(SOURCE DATA)
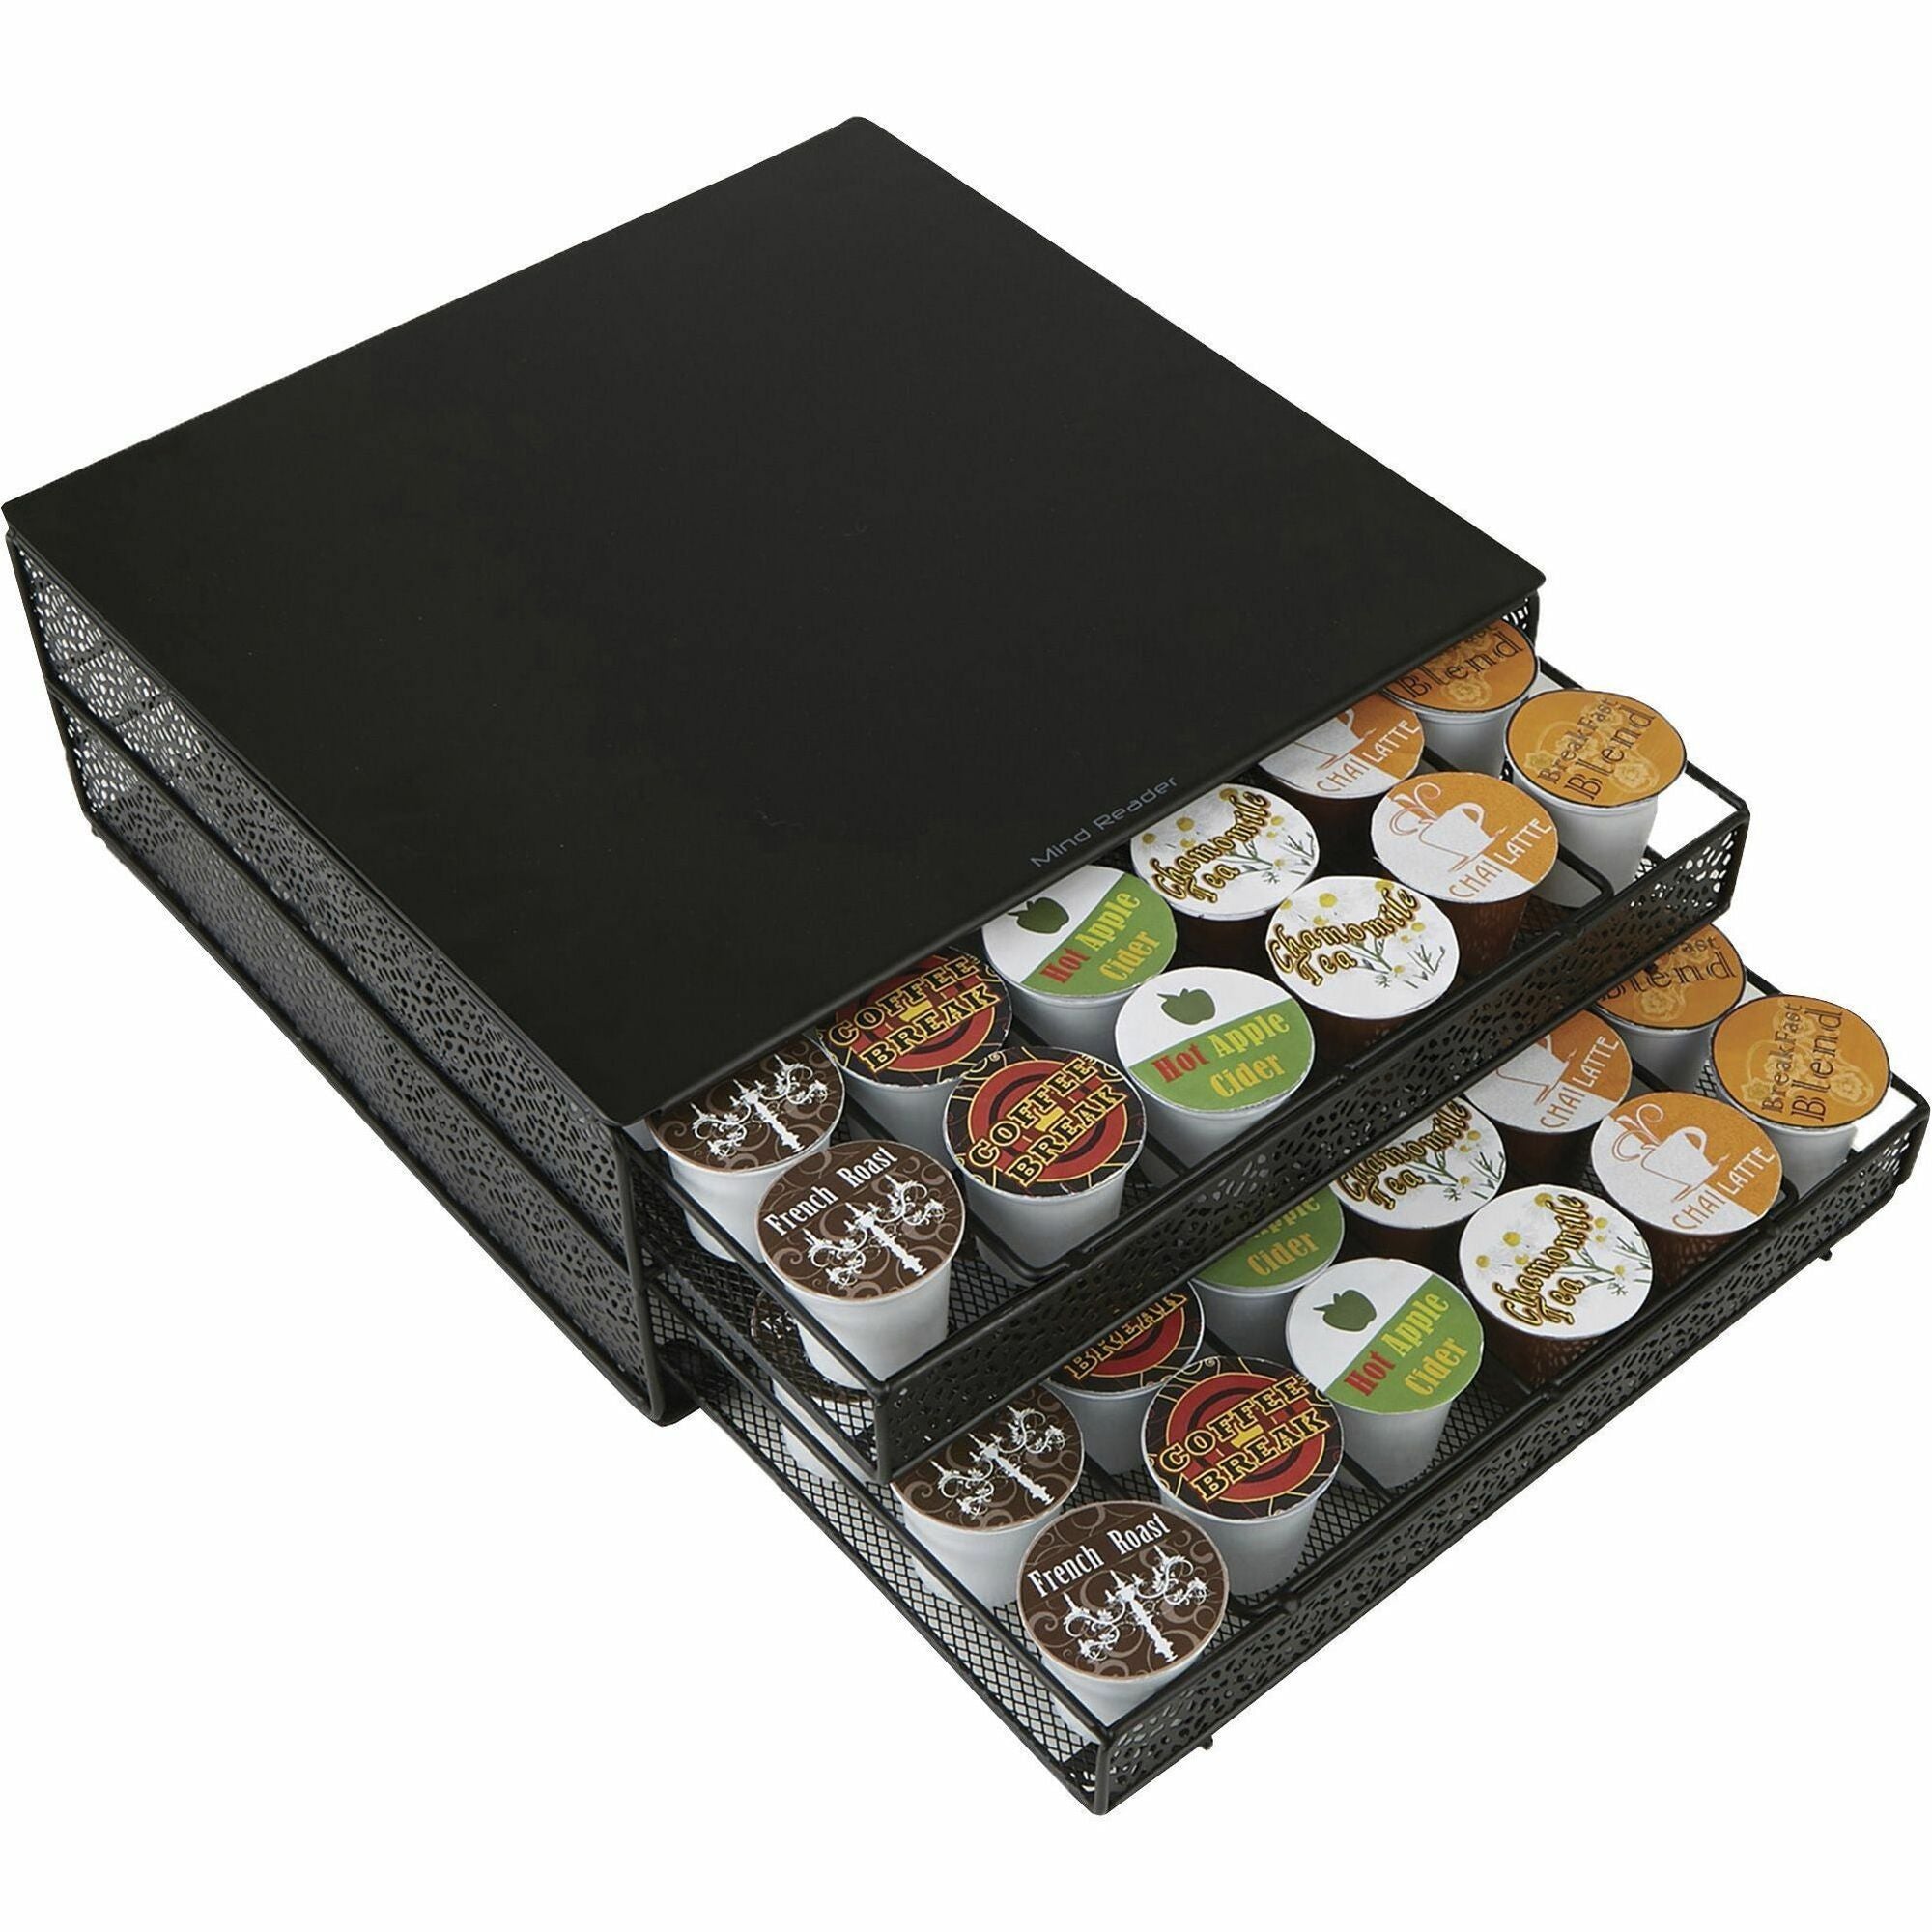 mind-reader-72-pod-coffee-storage-72-x-coffee-pod-2-drawers-51-height-x-13-width128-length-black-1-each_emsdbmtrayblk - 1
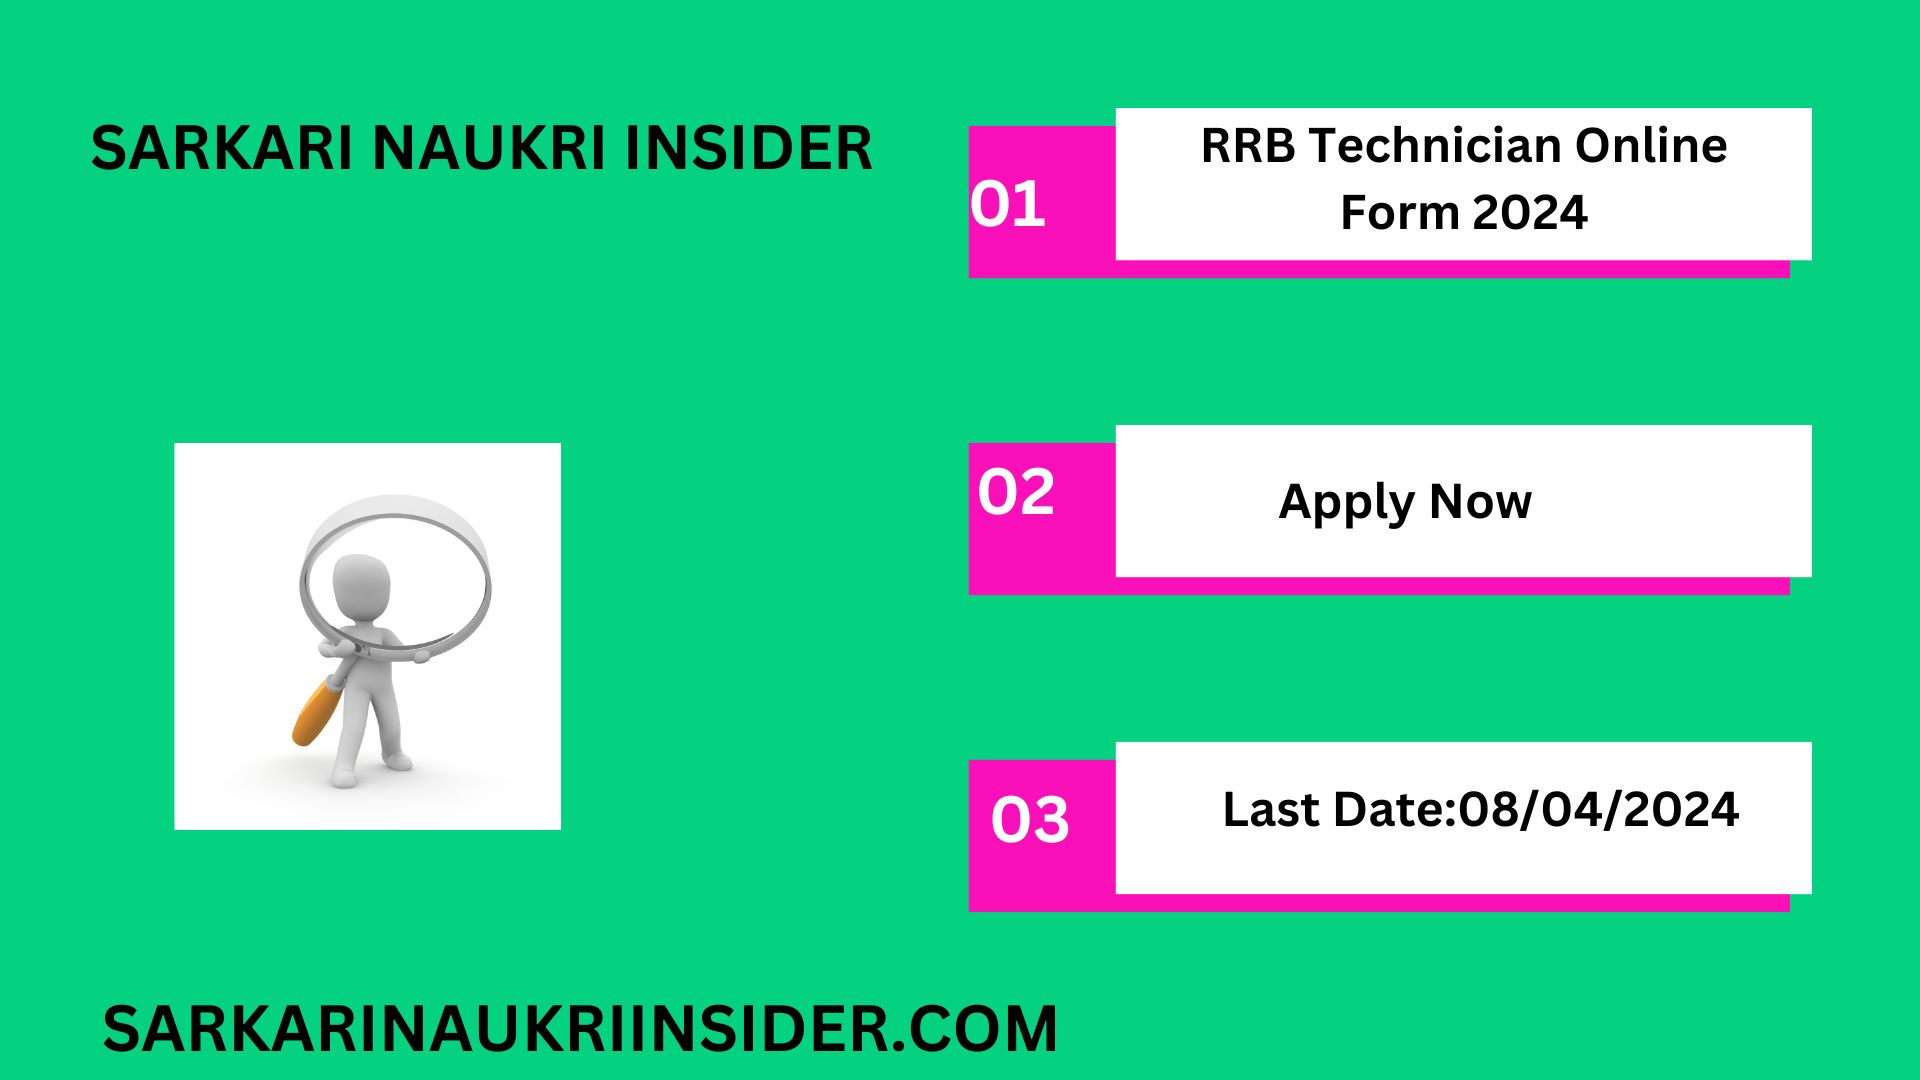 RRB Technician Online Form 2024
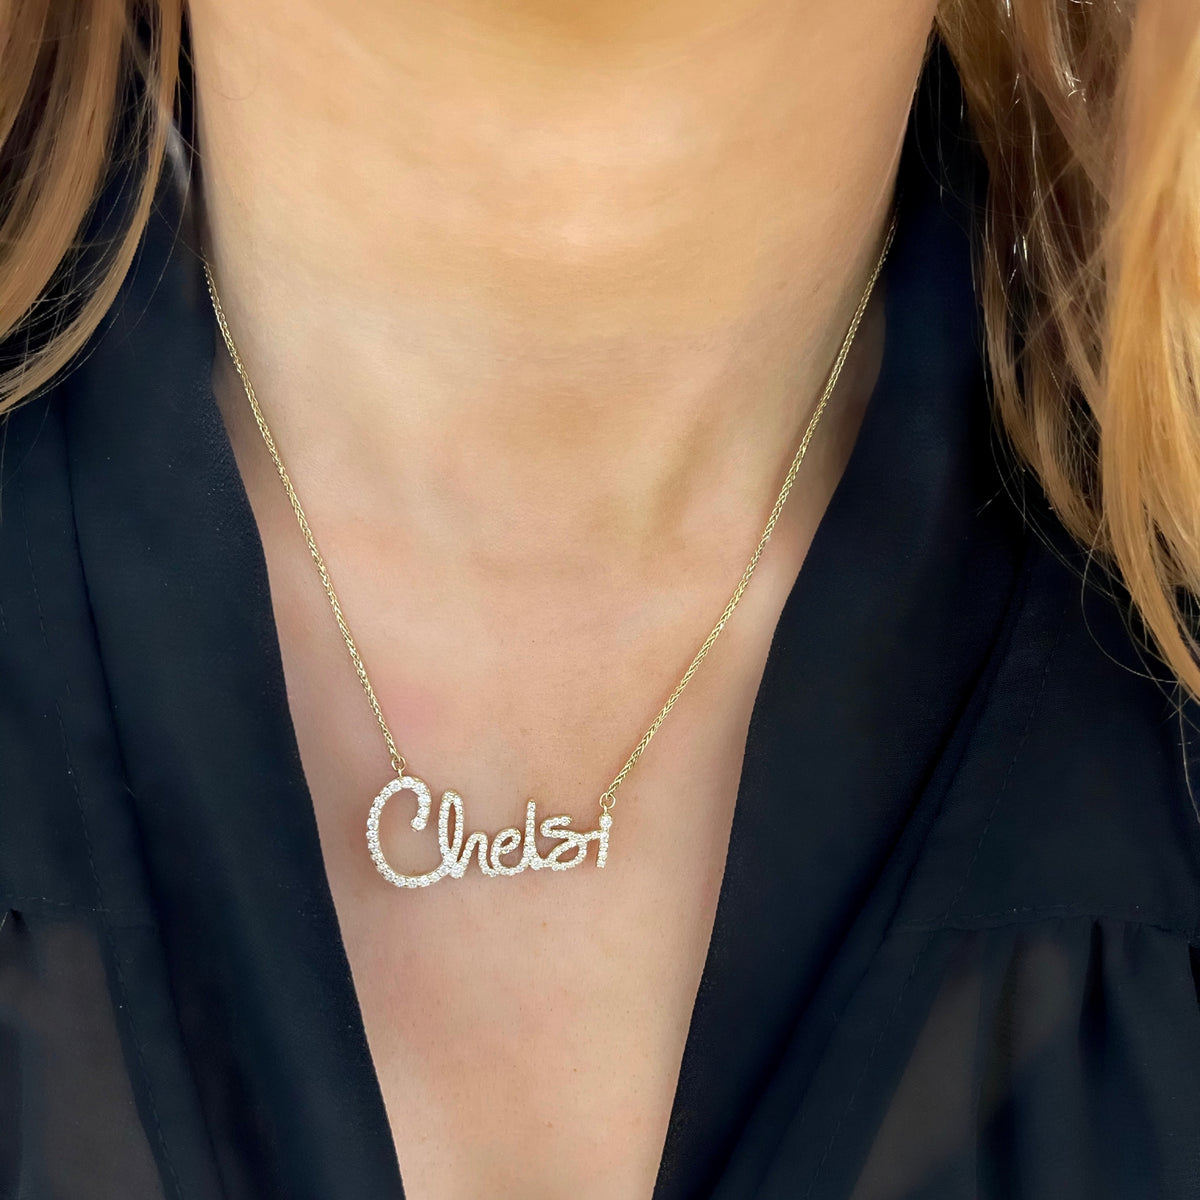 Custom Handwritten Diamond Name Necklace "Chelsi"
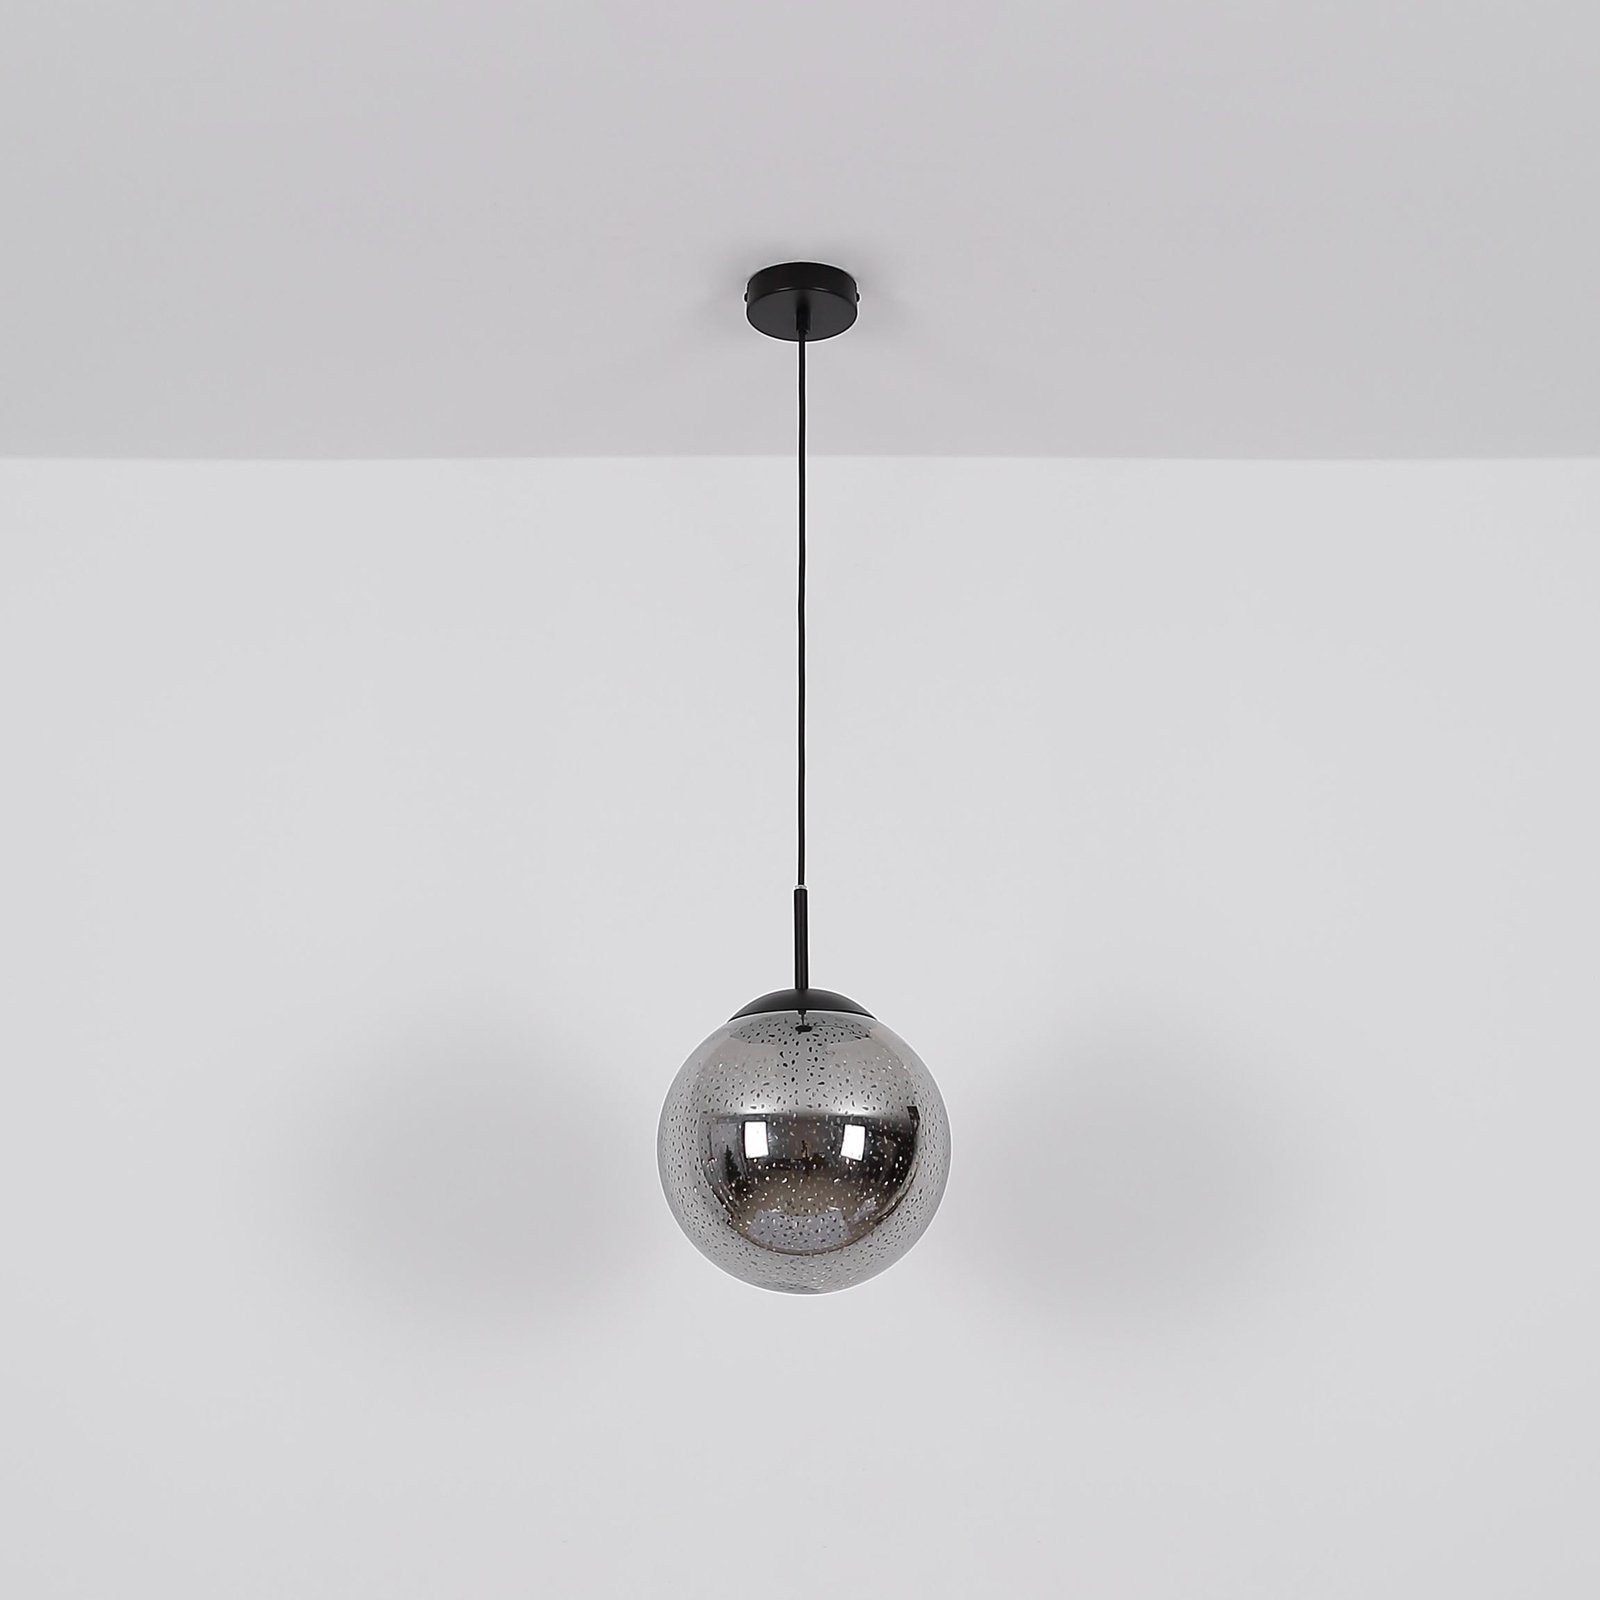 Hanglamp Samos, Ø 25 cm, rookgrijs/zwart, glas
(End SOURCE DATA)
Make a word-for-word repeat of the material, skipping all pictures.

 mind-reader-72-pod-coffee-storage-72-x-coffee-pod-2-drawers-51-height-x-13-width128-length-black-1-each_emsdbmtrayblk - 1
 RRB Technician Online Form 2024
 Custom Handwritten Diamond Name Necklace "Chelsi"
 Hanglamp Samos, Ø 25 cm, rookgrijs/zwart, glas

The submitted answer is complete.